Танечка была здесь же и почему-то тоже хотела, чтобы я выпил, но я больше не мог. А Олега всё не было, и некому было защитить меня от распоясавшегося алкаша.
— А вот Хлявы коснулась, — наставительно говорил Сима. И снова совал мне стакан. — Крепко коснулась. И вроде как из-за нас... Жалко Хляву, Петрович?
— Жалко, — кивал я и опять отпихивал.
— И мне жалко. Давай, Петрович. За Хляву. Надо, пойми!
И он почти силой влил в меня полстакана спирта.
— А теперь спи, Петрович! — приказал он, когда я, давясь икотой, запил спирт стаканом чего-то сладкого, тёплого, препротивного. — Крепко спи, — повторил он. — Надо, Петрович... Да не вздумай выблевать — убью!
Но я ещё долго не мог уснуть, икая и пытаясь вникнуть в смысл его беседы с Танечкой — что-то про дурдома, которые не лучше и не хуже один другого, а просто разные, но свой дурдом роднее... А Олега всё не было и не предвиделось, и почему-то это было правильно. Танечка плакала и соглашалась — правильно, мол, — но всё равно плакала. Так я и уснул под её плач, а проснулся под всхлипывания.
Было темно, стучали колёса, храпел Сима. Танечка всхлипывала во сне. Я вытянул руку к окну и ощутил пальцами стекло. Значит, окно было не зашторено. За окном была наконец-то ночь, и мы наконец-то куда-то ехали...
В следующий раз я проснулся при свете дня. Поезд стоял. Через оконное стекло проникали высокое солнце и станционные шумы. В купе кроме меня не было ни души, а на столике громоздился ящик. Солнце насквозь просвечивало его пластмассовые дырчатые бока и оглаживало узкие горлышки пузатых бутылок с янтарно-коричневым содержимым. Меня замутило... Бутылки были знакомые, хотя я таких давно не видел. Точнее, старался не замечать из-за непомерно возросших цен.
Кое-как я встал и, навалясь на ящик, выглянул в окно... Мы стояли на втором или на третьем пути: какой-то состав загораживал от нас станцию. В просвете между вагонами мне была видна часть вокзального фронтона с буквами «ИРЮК». — Бирюково, надо полагать. Слава Богу. Я почти что дома. Скоро пересадка в Тайге, и ещё три часа от Тайги... Надо привести себя в порядок — и побыстрее. Надеюсь, Сима не обидится.

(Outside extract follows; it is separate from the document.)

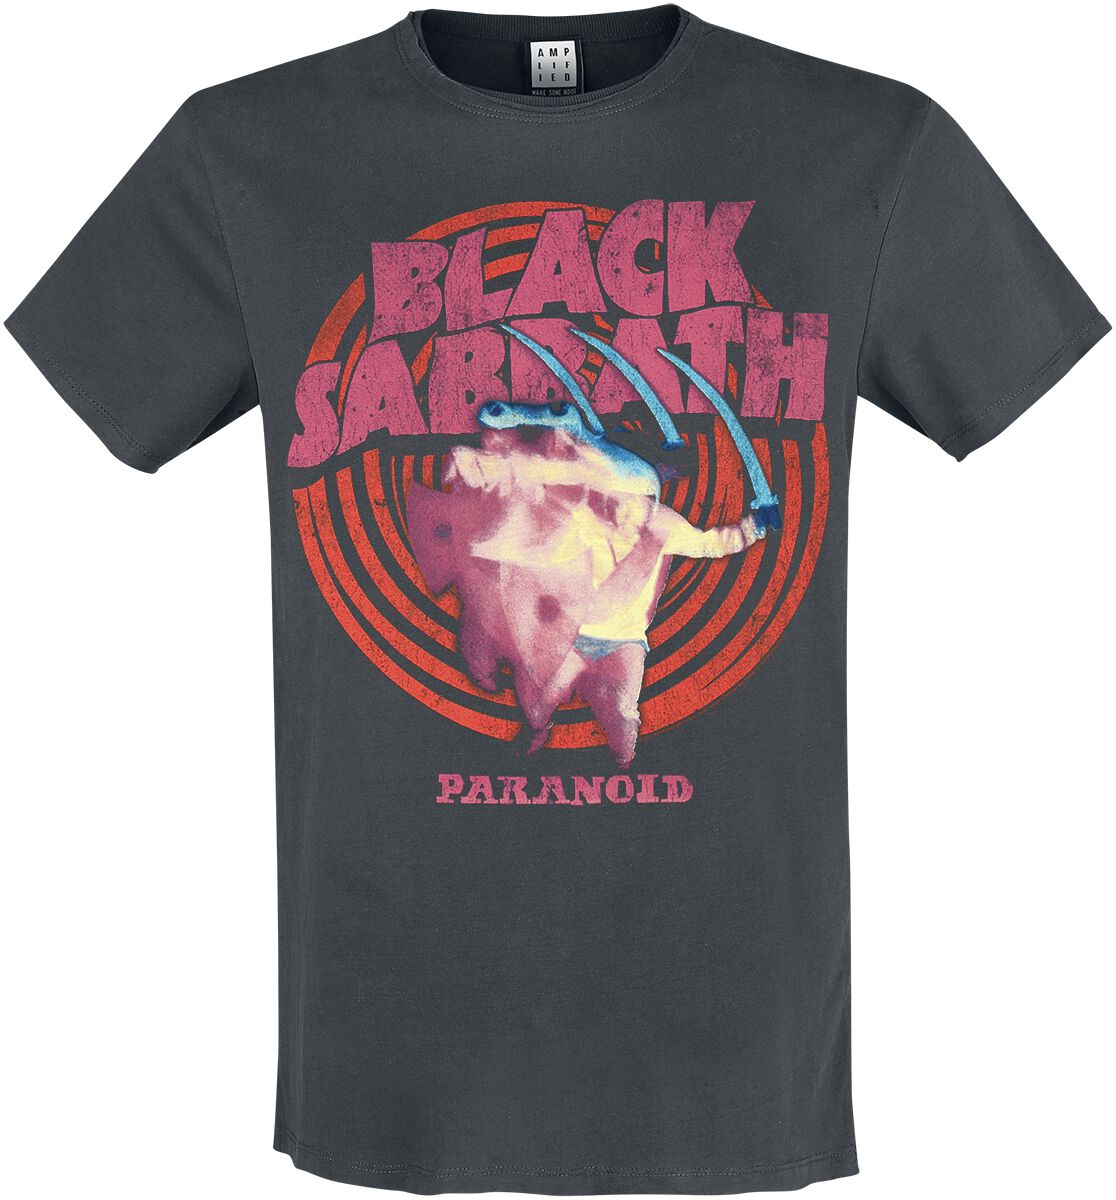 Amplified Collection Paranoid | Black Sabbath T-Shirt | EMP

Я взял из ящика бутылку и сел. Это была даже не «Плиска» — это был «Слынчев Бряг», вкус которого я уже основательно подзабыл. Помню только, что вкусно. (Крышечка не хотела отвинчиваться, и пришлось опять воспользоваться наконечником стрелы.) Вкусно и безумно дорого: уже, говорят, больше тысячи... Стоп.
Я завинтил отвинченную было крышечку и поставил бутылку на столик. У Симы таких денег нет. Это чужие бутылки.
Икры поесть, что ли...
Меня опять замутило. Я лёг, уткнувшись лицом в подушку, и стал мучиться совестью.
Но если кто-то сел к нам в Бирюково — значит, кто-то из нас в Бирюково выходит. Кто? Танечка едет в Красноярск — это я помню. Олег... Олег, кажется, тоже. Значит, Сима? Насколько я понял, он работает в какой-то глухомани, в сейсмической партии. Бирюково, конечно, глухомань, но что тут делает сейсмическая партия? Нечего ей тут делать, и незачем Симе выходить в Бирюково...
А, ладно — подожду, и выяснится. А за бутылку извинюсь. Ведь не отпил же, только откупорил.
Выяснилось довольно скоро. С треском откатилась дверь, и Сима, пыхтя, втащил в купе ещё один ящик бренди, а Танечка внесла свою болоньевую сумку. Полную. Олега с ними не было.
Я сел.
— Проснулся, Петрович? — спросил Сима и осторожно поставил второй ящик под стол. Ящик был полон, поверх него лежали ещё две бутылки. (Двенадцать, двенадцать и две... С ума сойти. Откуда столько денег?)
Танечка опустила сумку на пол и села в свой угол. Глаза у неё были красные, лицо какое-то усталое, всему покорное, а блузка опять расстёгнута. Перехватив мой взгляд, Танечка повела плечом, но застёгивать блузку не стала.
Сима упал на полку рядом со мной, обтёр потное лицо рукавом свитера, потянулся к ящику на столе и обнаружил бутылку, стоявшую рядом.
— Уже открыл, Петрович? Молодец! Танюха, давай закусь!
— Может, не надо? — спросила Танечка. — Глупость какая-то.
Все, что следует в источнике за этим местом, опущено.